I have skin contact allergies, pollen allergies, medicine allergies, and food allergies. So did my mother, although not always to the same substances. My siblings all developed allergies later in life. As often happens in people with multiple allergies, I also developed an autoimmune disorder in later life. So did my mother and sister.

Rant over. I just get frustrated with the lack of understanding about allergies among many people, even doctors. I had to learn about them but wish that I hadn't needed to.



58Sunliner

(4,983 posts)
13. Thank you. Allergies and autoimmune issues are not caused by a lack of dirt or an excess of hand sanitizer.
Sun Jun 9, 2024, 02:54 PM
Jun 2024

wnylib

(24,415 posts)
14. If course they're not. That's why I get frustrated when I hear people,
Sun Jun 9, 2024, 03:14 PM
Jun 2024

including doctors who should know better, saying that the increase in allergies today is due to too many sanitizing products today and not letting kids to play in dirt any more. Those things have zero to do with developing allergies. The capacity to develop allergies is a biological issue that some people are born with.


mopinko

(71,824 posts)
4. if it's not gonna kill u, and u arent writhing in pain, drs dont gaf.
Sun Jun 9, 2024, 06:52 AM
Jun 2024

even then, they dont want to do shit for someone who knows what they’re talking about.
i have a habit of telling the ppl i pay for services how to do their jobs. it doesnt usually end well. but when it does, it’s great. but no one hates that more than docs.

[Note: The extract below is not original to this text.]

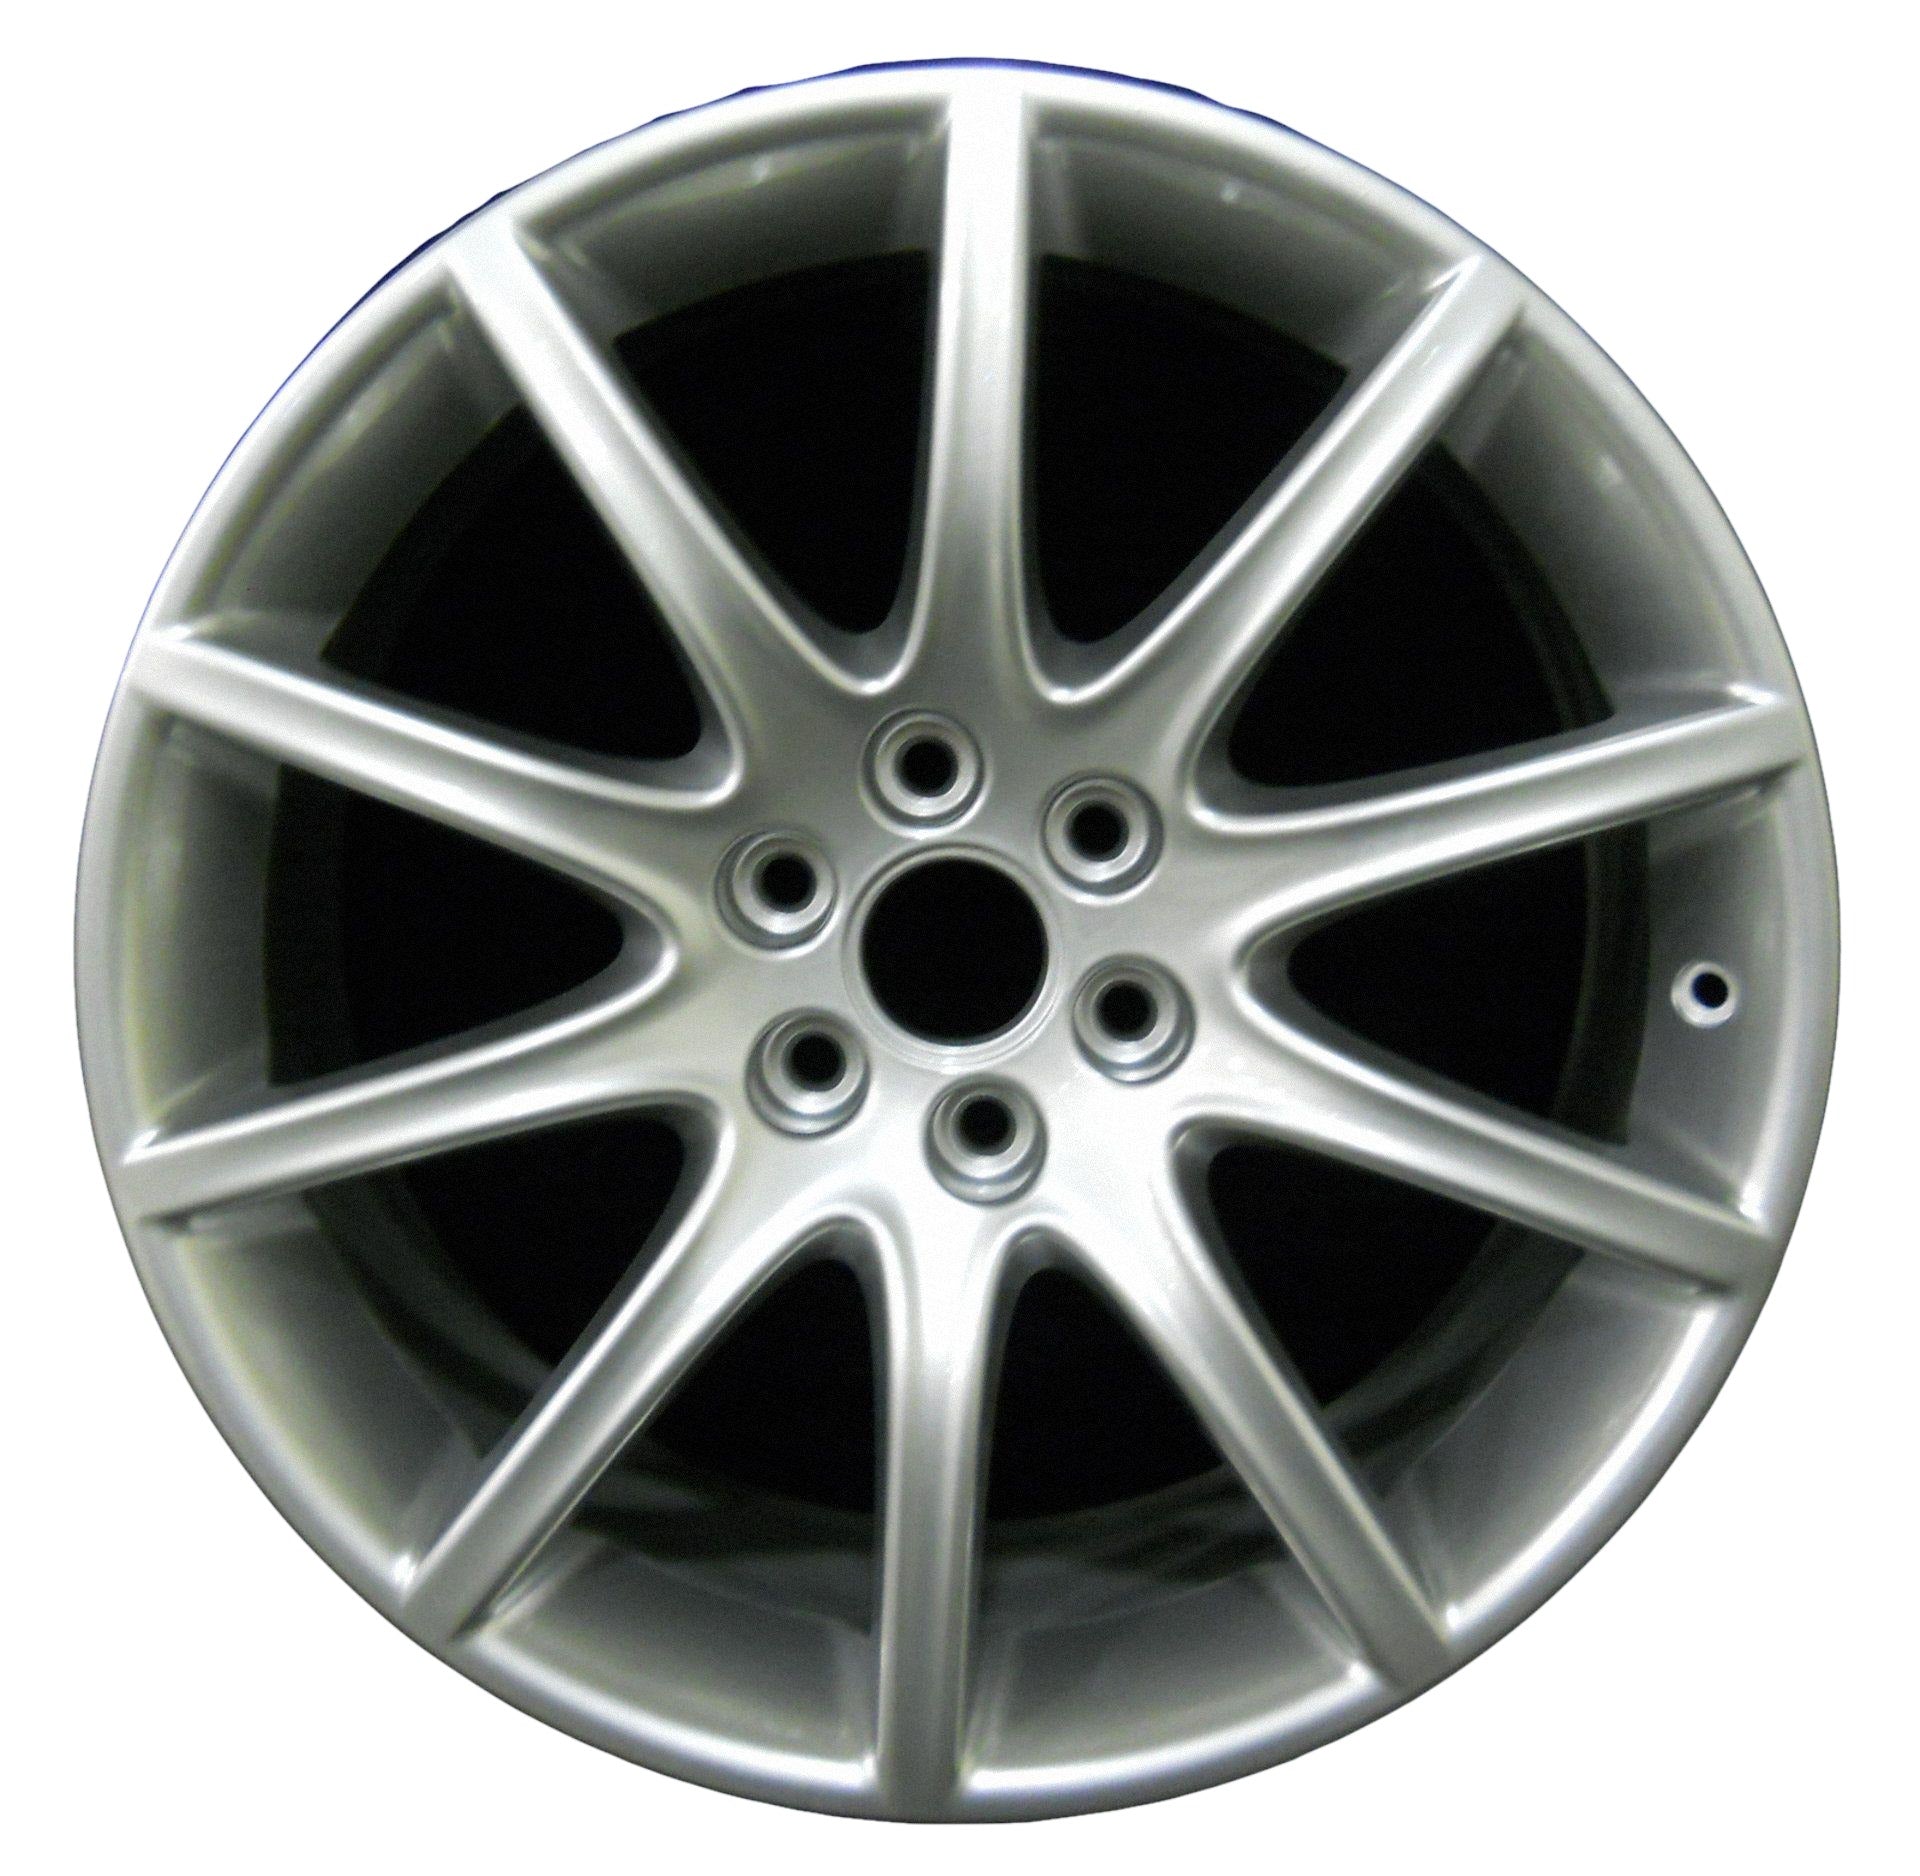 Cadillac CTS  2006, 2007, 2008, 2009 Factory OEM Car Wheel Size 19x9.5 Alloy WAO.4598RE.HYPV1.FF

i’ve been a zebra looking for answers for over 20 yrs. i am absolutely certain i have an autoimmune/genetic disorder. i have a good guess what it is. i have widespread dysfunction, as did my da, and 3 of my 5 kids.
after 2 trips to the er in as many wks, i thought i had gotten their attention.
just saw a new doc. started the convo by telling him i’m a zebra, and hope he has patience w a cranky old zebra. he quoted the med school line that the term is derived from- when u hear hoof beats, think horses, not zebras. but i dont think he ever met 1. young dude.
listened intently, then reneged on a promise to ‘do something substantial for u today’

at 70, i’m getting “it’s unusual to dx ai at your age”. bitch, i’ve been looking for answers since i was 40.
hoping for better luck w a gi this wk, but…

LiberalArkie

(16,507 posts)
7. There was a case many years ago (maybe 20) where a mother with twin boys kept one of them indoors
Sun Jun 9, 2024, 08:11 AM
Jun 2024

and heavily protected him. The other boy show kept outside, playing in the dirt messing with the neighborhood animals. You know just a boy in the suburbs. The indoor protected boy was always sick and the outdoor boy was generally very healthy except for the usual cuts, scrapes and broken bones.

I do not remember if the parents were doctors or psychologists or what, but to me it just made sense. I guess they were testing which of the 2 ways to raise children was best.

question everything

(48,827 posts)
11. Just curious of whether delivery was via C-section.
Sun Jun 9, 2024, 12:51 PM
Jun 2024

Normally the first bacteria that inhabit the newborn guts are the beneficial ones from the birth canal.